# Repair Sennheiser CX-400-II earphones



## Clausman

Hi all,
   
  I want to fix my 3.5mm plug for my Sennheiser CX-400-II and CX299. Both plugs broke at the same spot (really disturbing)
   
  So, as a non-expert I was expecting 2 or 3 copper cables, but now I have 4+2 wires.
   
  red, green, red&green, copper and two beige cloth-like
   
  I found this:
   
  Quote: 





> The cables (in my case) were as follows (Sennheiser CX 300):
> 
> Cable 1: Red (right channel) and orange (ground).
> Cable 2: Green (left channel) and red-green (ground).
> ...


 
   

   
  well, I bought a Neutrik REAN NYS231BG 3.5mm 3-pole Mini Jack Plug Stereo plug

  Now I don't know how to connect it. So I was wondering whether anybody knows how to fix it? Do I need to remove the insulation, if yes how, or will it automatically melt?
  Thanks,
  Claus


----------



## tjohnusa

Orange and Red Green to 3 on the plug.....I can't remember which one is right and left. 1 and 4 in your cable pic are nothing but insulation to keep the cord soft.
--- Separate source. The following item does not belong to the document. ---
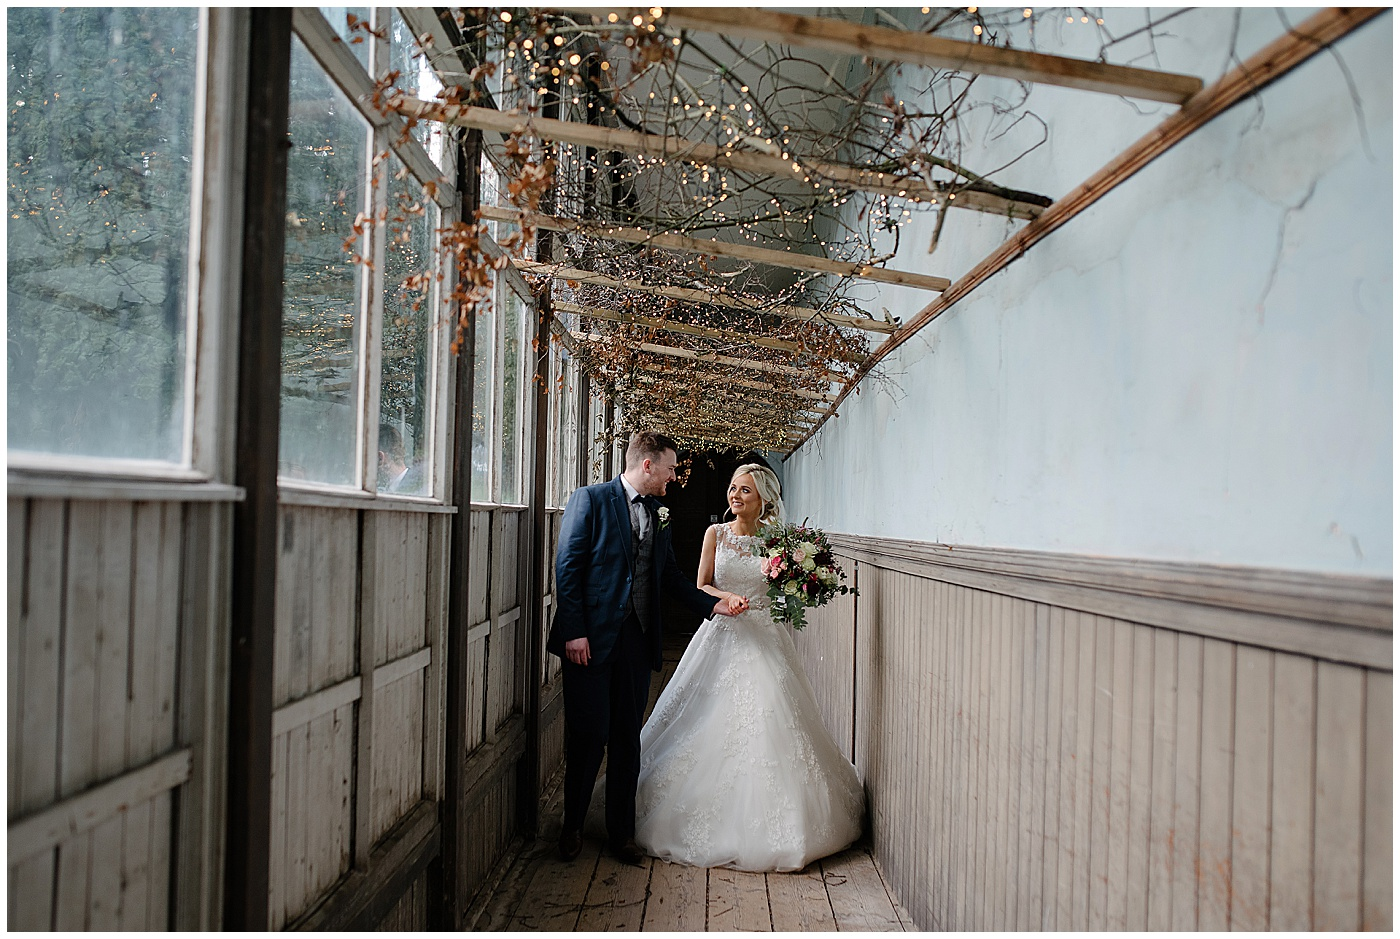 lissan-house-wedding-jude-browne-photography_0080.jpg

Tin the wires with solder before you try to attatch to the plug ans the heat should melt the coating on the cables.You should use at least a 15 watt iron...25 or 30 would be better. Try to be quick because if your iron is on the plug spades too long it will melt the plastic acting as an insulator between the spades. If you feel to uncomfertable doing this I can do it for you for free......send me a PM if you want to do this.


----------



## Clausman

Hi thanks,
  I'll tin the ends first! I have larned soldering in middle school, so I'll try it myself. but thanks for the offer.
   
  I'll keep u posted on my progress. my soldering iron arrived today.
  cheers,
  claus


----------